На Кинтальской конференции, состоявшейся в 1916 г., мы уже представляли значительную силу. Продолжение войны везде привело уже к сдвигу налево. Большевики оказались на деле единственной революционной организацией России. Меньшевики раскололись на открытых социал-патриотов и на нерешительных интернационалистов, за которыми в России не было реальной силы. В Польше наша организация вела героическую борьбу против немецких оккупантов, в Германии, несмотря на арест Либкнехта и Розы Люксембург, движение спартаковцев разрасталось и самоопределялось. Во Франции Монатт и Росмер вытесняли более умеренного Мергейма. Нам удалось завязать сношения с Америкой. В Англии обострялась оппозиция рабочего класса. На Кинтальской конференции благодаря этим сдвигам мы сумели уже навязать циммервальдцам нашу антипацифистскую позицию, отклонить попытки переговоров со Вторым Интернационалом. В целом ряде основных вопросов с нами голосовали спартаковцы и представители итальянского ЦК. После конференции на заседании циммервальдского бюро мы перешли в прямое наступление против Роберта Гримма, который, будучи секретарем циммервальдского объединения вел оппортунистическую политику в Швейцарии. Через циммервальдскую левую проводилось влияние большевистской идеологии во всех странах.

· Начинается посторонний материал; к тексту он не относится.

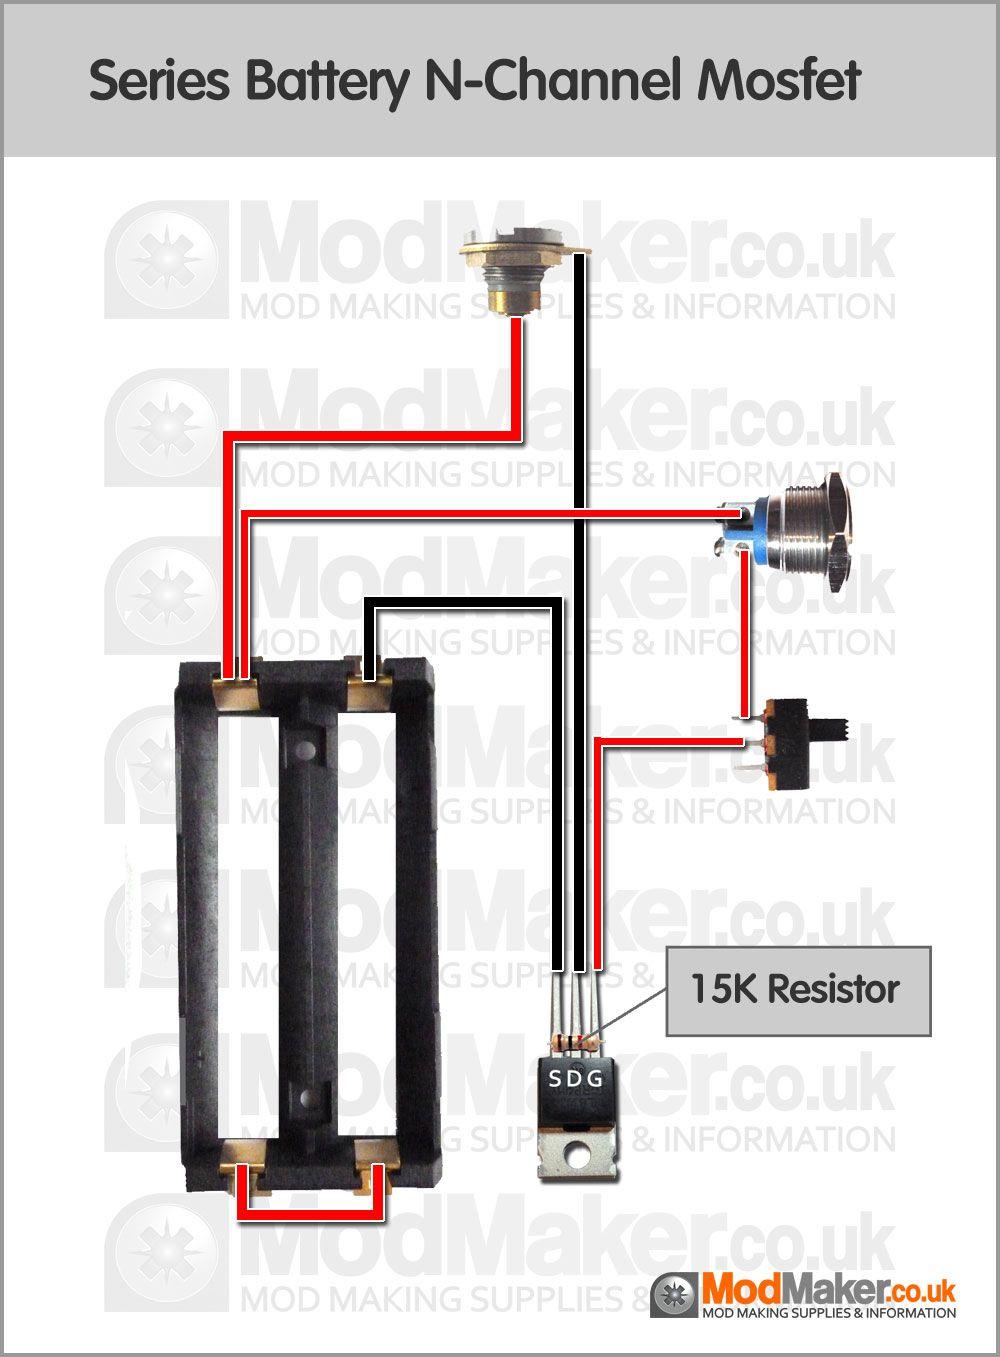 series battery n channel mosfet wiring diagram vaporized vapeseries battery n channel mosfet wiring diagram [ 1000 x 1357 Pixel ]

После Кинтальской конференции я переехал в Давос, откуда поддерживал связь с Ильичом и с Германией. Ильич имел непосредственную связь с Францией, Англией, Америкой и Скандинавскими странами. Мы часто встречались, когда Ильич переехал из Берна в Цюрих. В Цюрихе он заставил меня и Вронского завязать непосредственные сношения с швейцарскими рабочими, считая, что даже самые левые из швейцарских партийных вождей представляют собой колеблющиеся элементы. Он разрабатывал аграрную программу для швейцарских революционных социал-демократов и ходил с нами на малые собрания швейцарских рабочих.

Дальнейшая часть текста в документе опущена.